Finally, and perhaps more problematic is that precedent no longer means what it once meant in Canada. As a lawyer, this makes it extremely difficult to properly advise clients on the status of the law with a sense of certainty. A significant part of my practice is devoted to religious freedom litigation and I often counsel people whose religious freedoms have been violated. Until Bedford, if a religious student was prohibited by their school board from wearing religious attire connected to their religious beliefs, I could quite comfortably point to the Multani decision and use that as a basis for my legal opinion. Now, if asked to provide an opinion on the same question, I cannot provide a definitive answer. My opinion or advice will have to include the stronger possibility of the Multani precedent being overturned – at any level of court or hearing body – if the school board presents an argument different from those made in Multani—and it’s a safe bet that any lawyer acting for a school board will.

As with many things, our legal system cannot properly function without a degree of certainty. There is already a measure of uncertainty in the practice law, otherwise we could not explain how the losing side to any litigation justified moving a case forward. In many cases however, the uncertainty relates to the very different facts of the case or the application of the law to the variation in the facts.

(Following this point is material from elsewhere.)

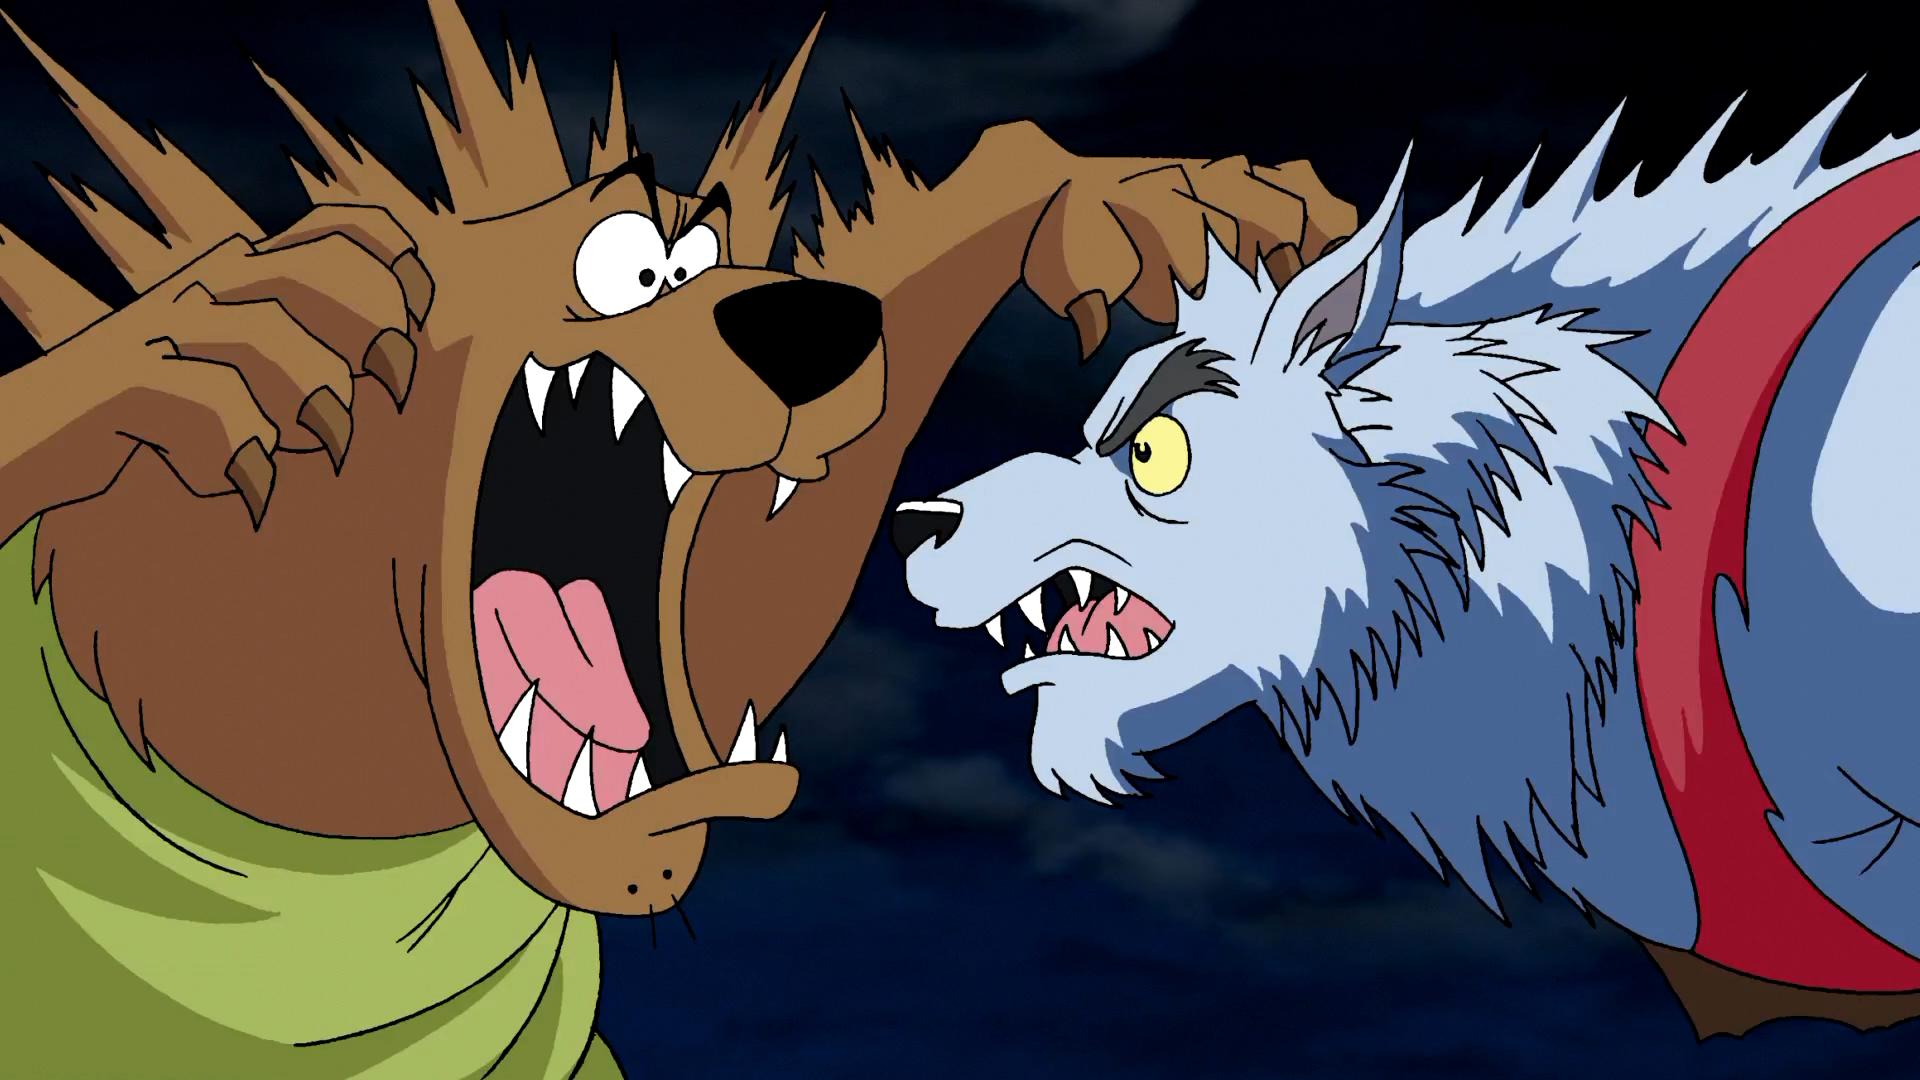 2008 Scooby-Doo! and the Goblin King WEB-DL 1080p [Dub Пифагор] [MVO Бест Кино] [ENG] {RUS} {ENG} (CHP-n).mkv_20210317_140957.424.png

Because of stare decisis, lawyers can for example, (or could prior to Bedford) counsel clients with confidence on cases and issues which had already been decided by the courts. Again, the notion of stare decisis exists to create order, coherence and certainty in our legal system. I am convinced one of the consequences of the Bedford decision will be a turning of this legal principle on its head. There will be a checkerboard of decisions by lower courts across the country overturning decisions of the Supreme Court of Canada until the facts establish a case in which the Supreme Court can make a course correction.

As a lawyer whose practice is largely focused on constitutional litigation, with a particular interest in freedom of religion, I see endless opportunities to retry cases which I believe were decided improperly. The contrast to that of course, is that all of the cases I believe were decided correctly are also now up for grabs. This is true particularly in regard to social, political and religious issues where there has been – and perhaps is – a group or community push to change the law. The result, I conjecture, will be years, perhaps decades, of what will be deemed public interest litigation that will, in addition to being expensive, cause and create jurisprudential uncertainty and incoherence.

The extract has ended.